“You’re a mining man, Mr. Kirby,” he said. “Would you say that assayed anything?”
Kirby examined the glinting particles. “Gold,” he said decisively.
“Ah, then the necklace rubbed with some violence against the railing. Now, Mrs. Hale, how long were you awake?”
“Ten or fifteen minutes. I remember that a continuous rattling of wagons below kept up for a little while. And I heard one of the drivers call out something about taking the air.”
“Er—really!” Average Jones became suddenly absorbed in his seal ring. He turned it around five accurate times and turned it back an equal number of revolutions. “Did he—er—get any answer?”
“Not that I heard.”
The young man pondered, then drew a chair up to, Mrs. Hale’s escritoire, and, with an abrupt “excuse me,” helped himself to pen, ink and paper.

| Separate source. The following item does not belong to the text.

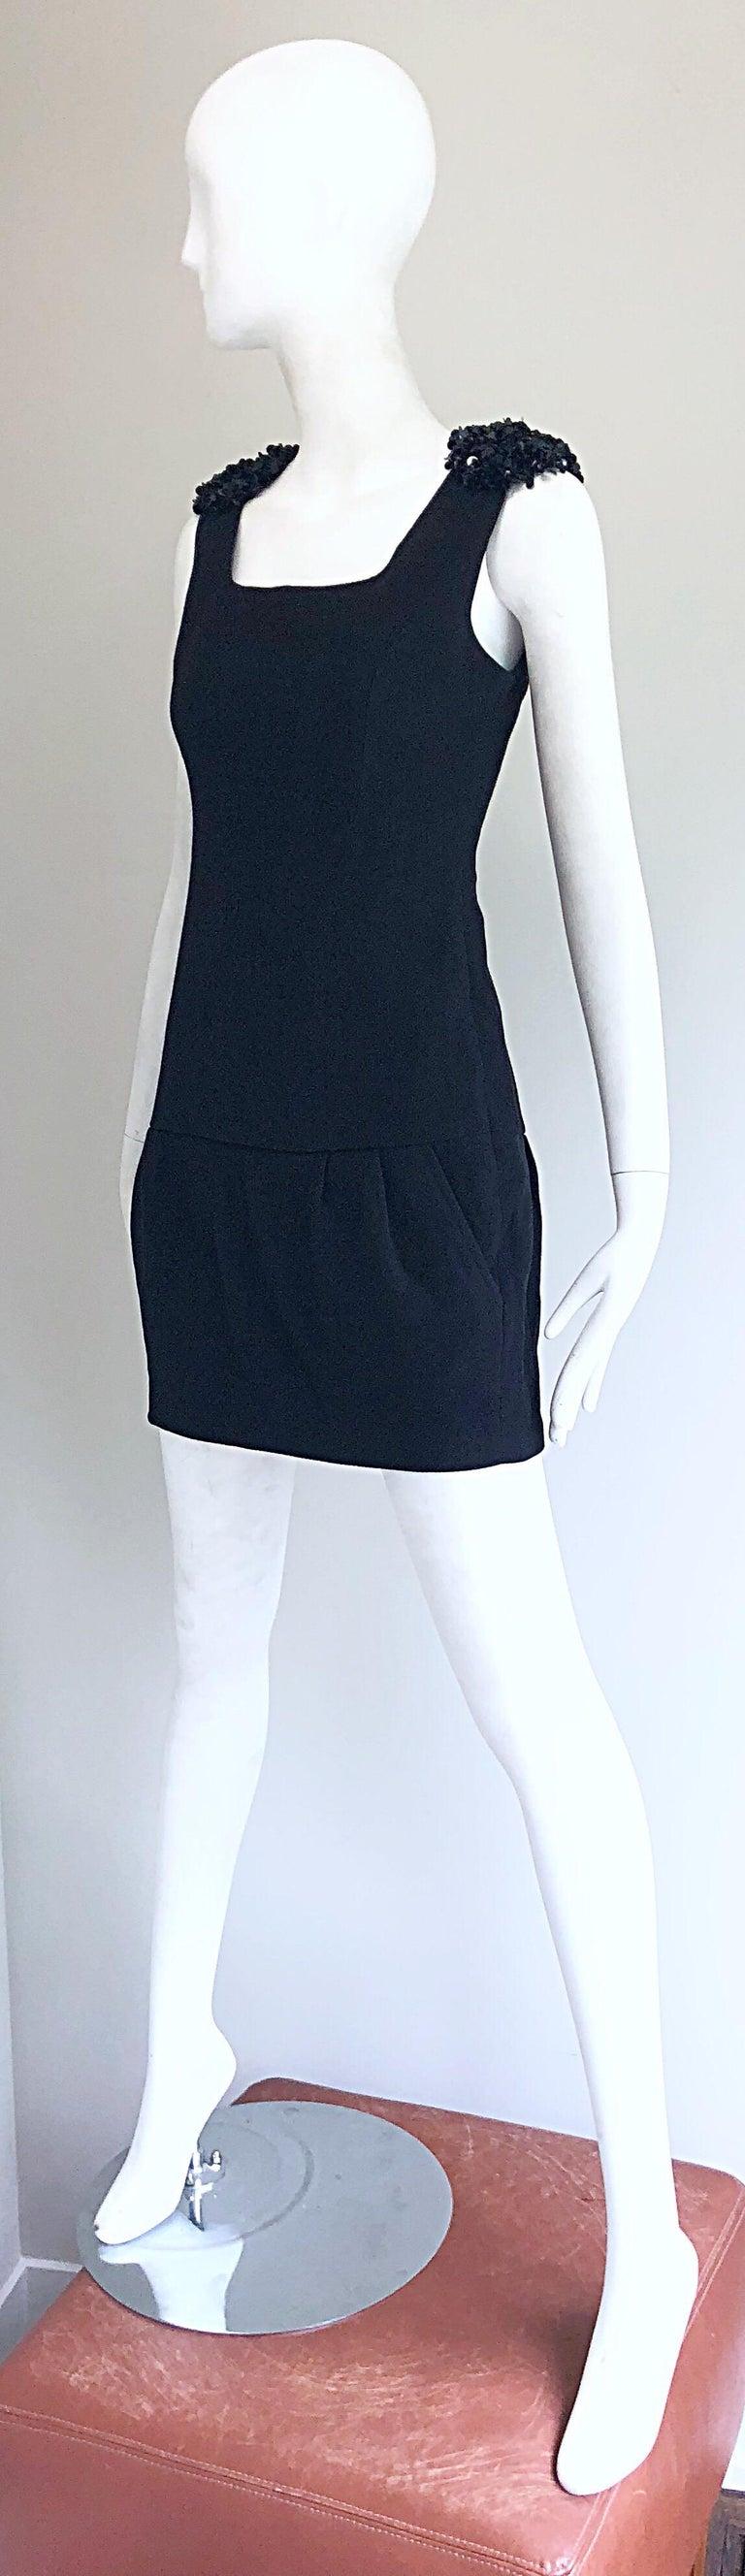 1990s Miu Miu Black Virgin Wool Sequin Beaded Vintage 90s Mini Dress For Sale 3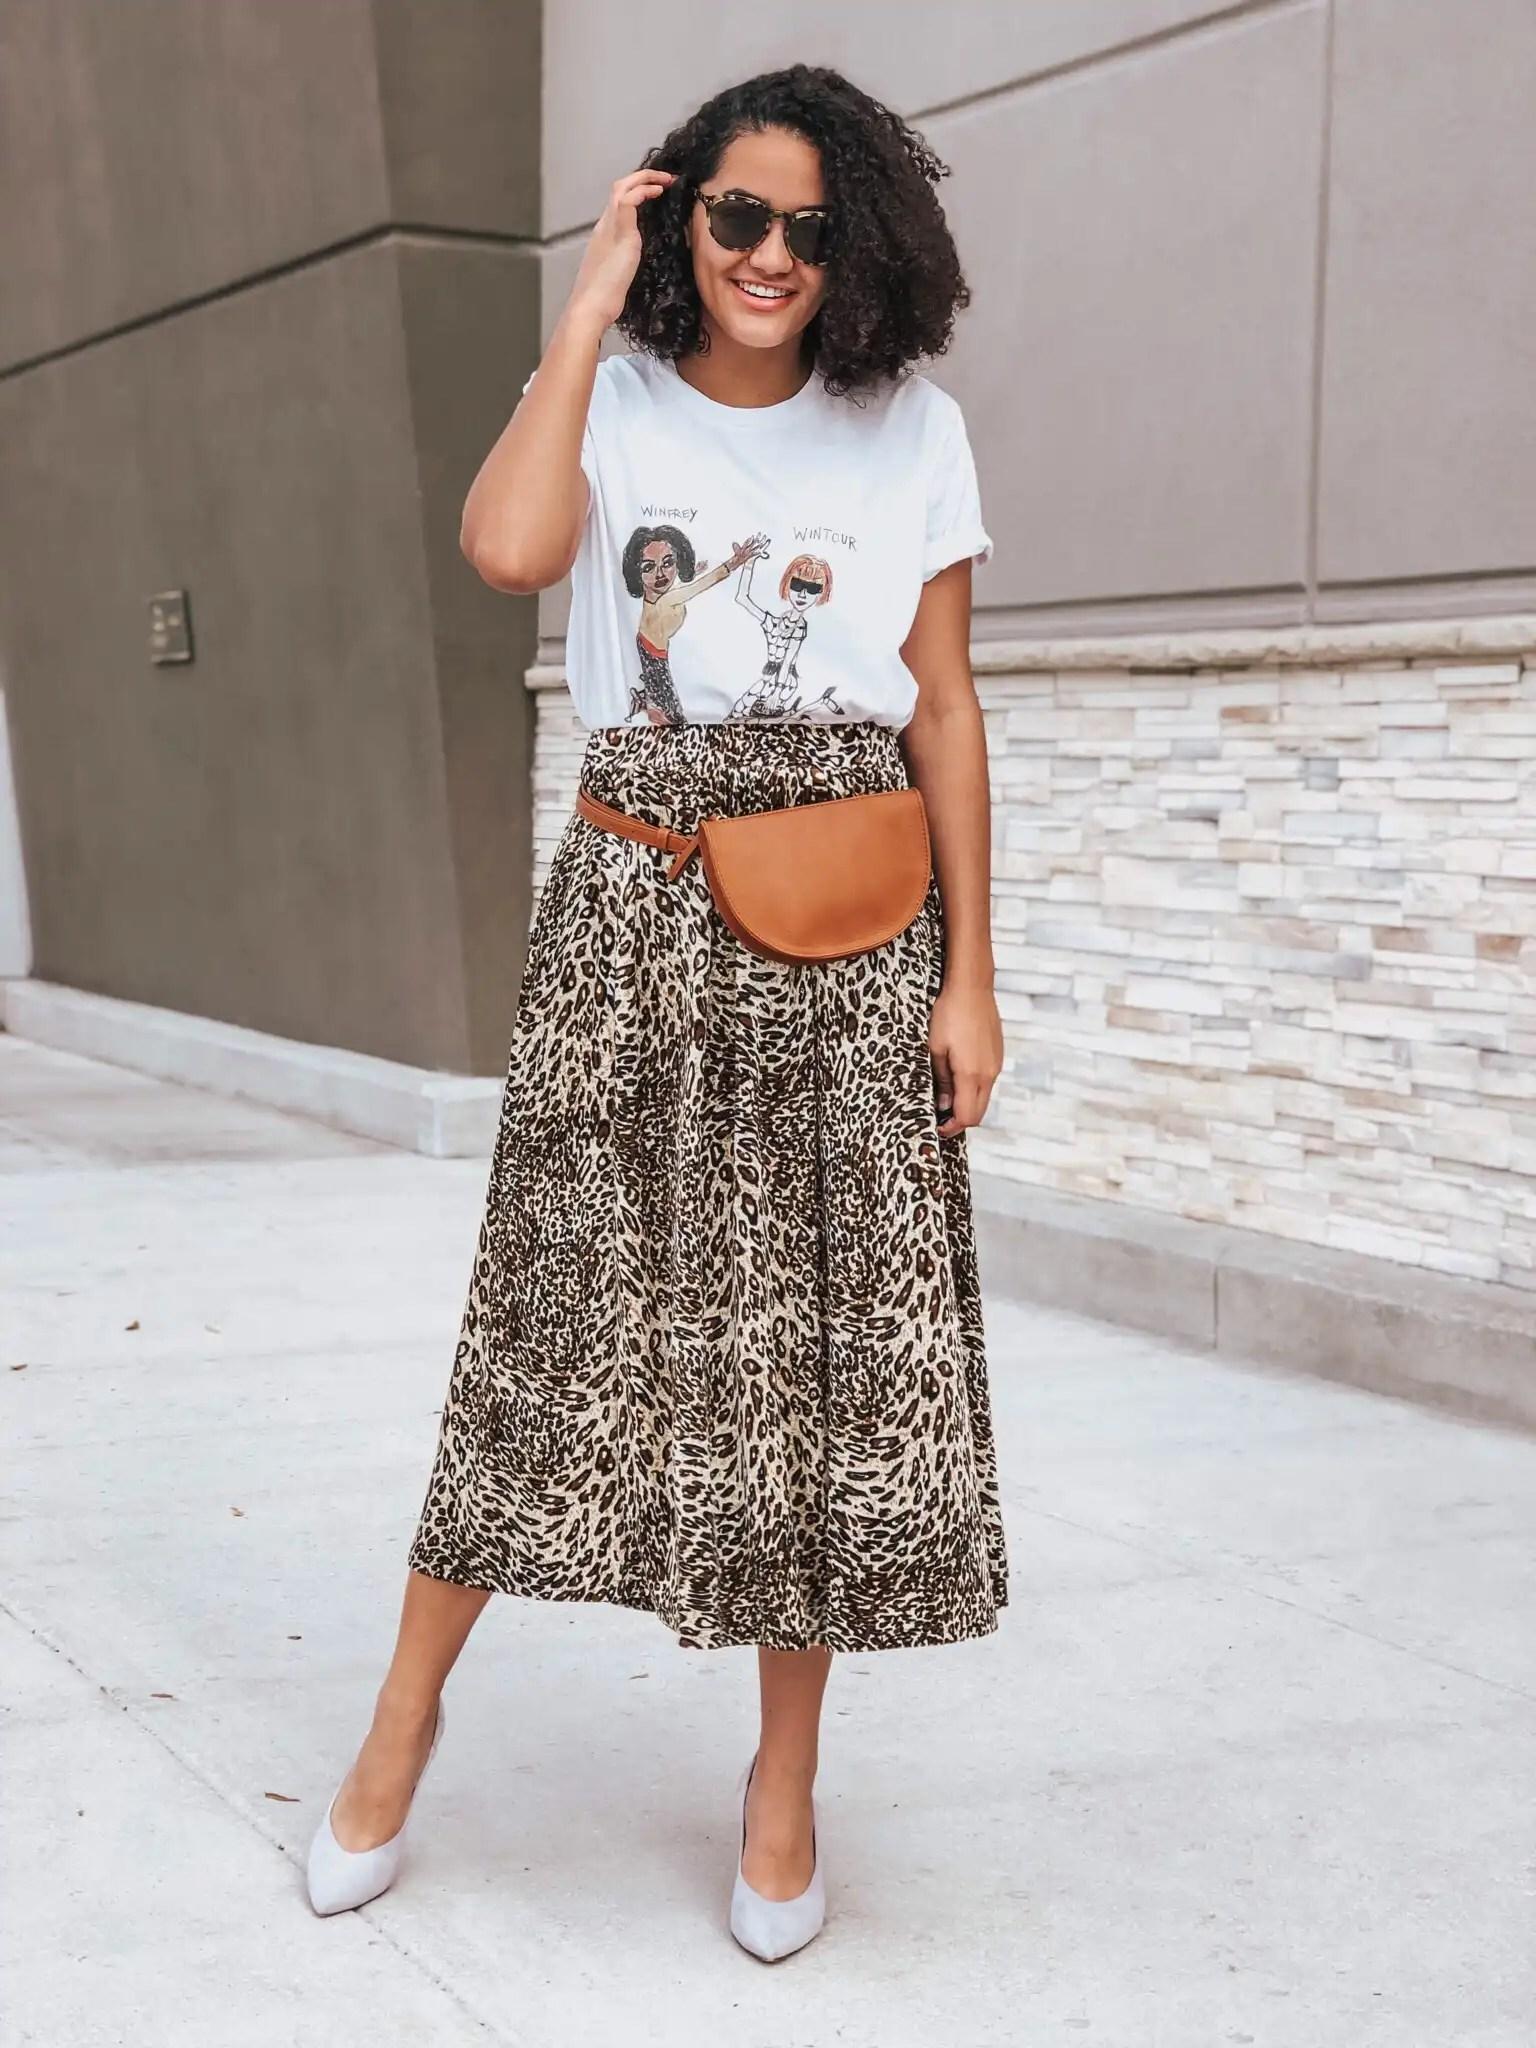 Graphic Tee Leopard Print Skirt Purple Heels

“There!” he said, after five minutes’ work. “That’ll do for a starter. You see,” he added, handing the product of his toil to Mrs. Hale, “this street happens to be the regular cross-town route for the milk that comes over by one of the minor ferries. If you heard a number of wagons passing in the early morning they were the milk-vans. Hence this.”
Mrs. Hale read:
“MILK-DRIVERS, ATTENTION—Delaware Central mid-town route. Who talked to man outside hotel early morning of August 7? Twenty dollars to right man. Apply personally to Jones, Ad-Visor, Astor Court Temple, New York.”